新・ことば事情
4532「幕を引くか幕を下ろすか」
10月28日「ミヤネ屋」で、歌舞伎俳優の中村芝翫さんが亡くなったニュースを放送しました。その際に、ディレクターから、
「『人生の幕を降ろした』という表現を使っていいでしょうか?」
という質問を受けました。これに対して私は、
「中村芝翫さんは『歌舞伎俳優』。歌舞伎では、幕は『(上から)降ろさない』で、『(横から)引く』。だから『人生の幕を引いた』もしくは『人生の幕を閉じた』がいいでしょう」
とアドバイスしました。
「幕引き」
という言葉もありますね。
比喩表現を使うときには、その表現の背景と、実際に使われる相手との間に齟齬(そご)がないか、確認した方がいいと思いました。

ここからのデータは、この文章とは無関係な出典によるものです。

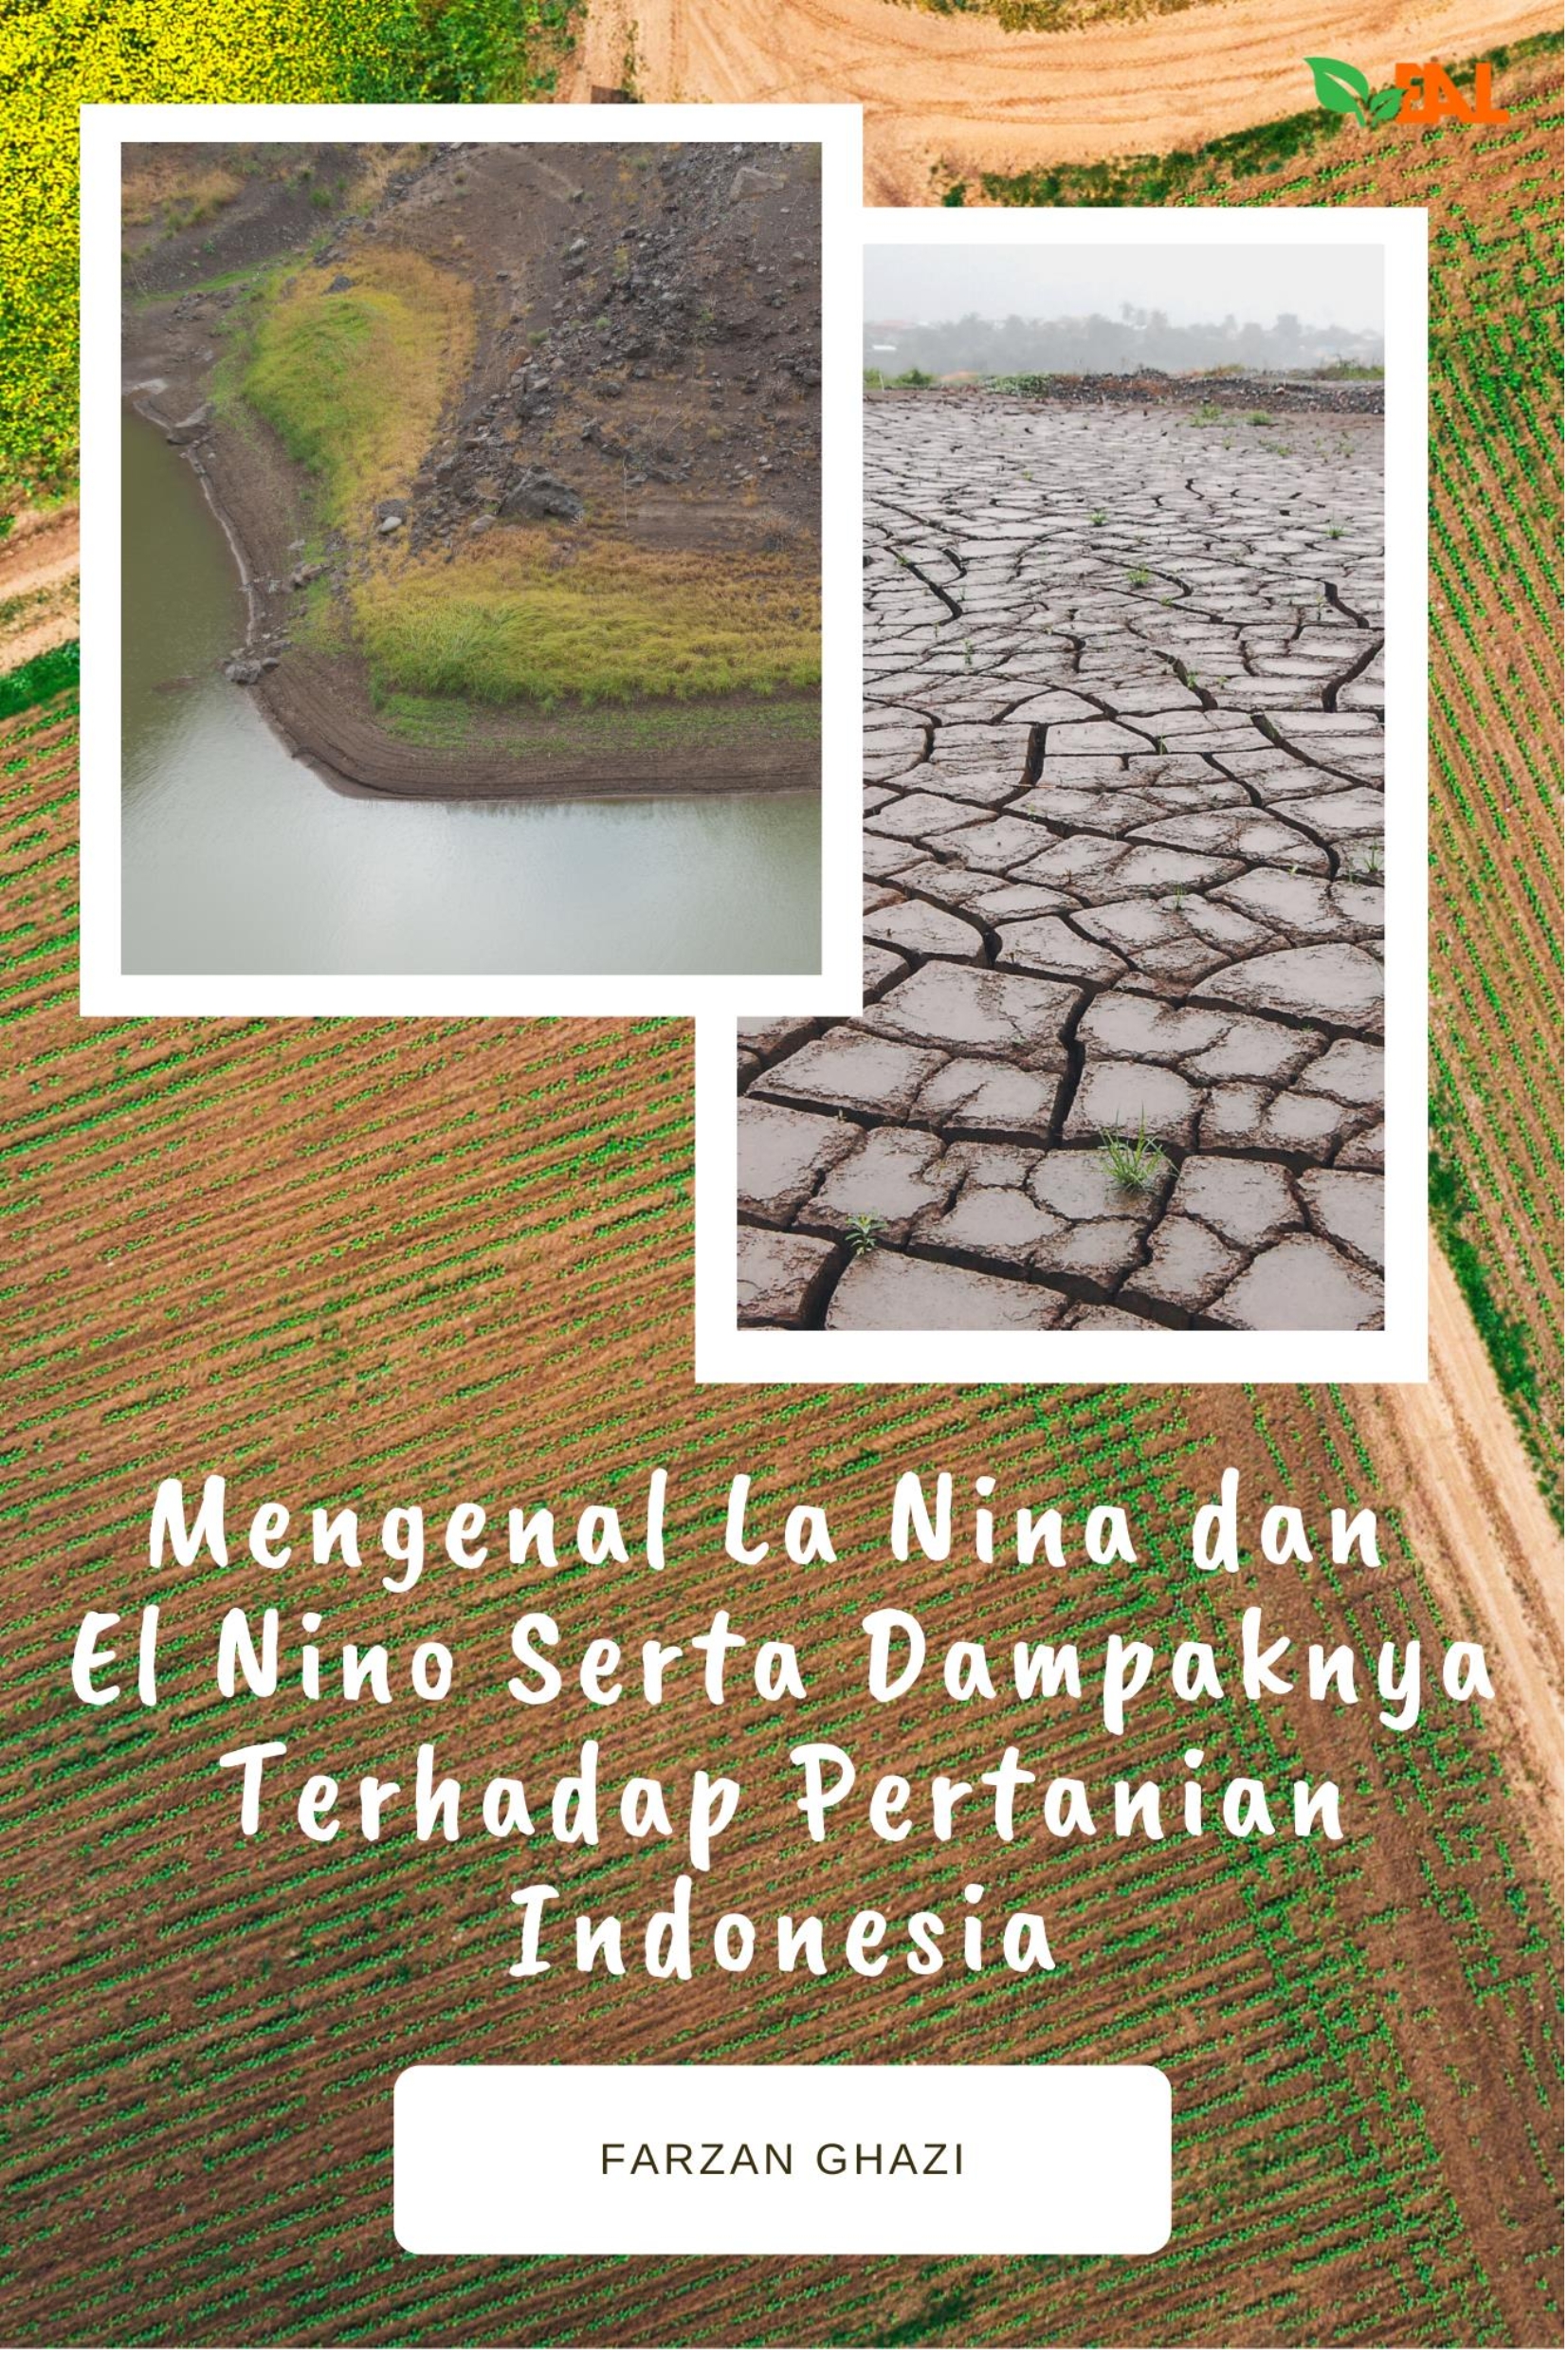 Mengenal La Nina dan El Nino serta dampaknya terhadap pertanian Indonesia [sumber elektronis]

それにしても、そのディレクターも、よく質問でいてきたな。すごい!あんまり気づく人は、いないのではないでしょうか?
結構、細かいところを気にしているんですよ。
(追記)
ちなみに、これと同じような話を、以前にも書いていました。
平成ことば事情1429「幕を引く?おろす?」で8年前(2003年)の10月のことでした。歴史は繰り返すと・・・。書いた本人は、もうすっかり忘れていましたが、引っかかる場所は同じだということですね。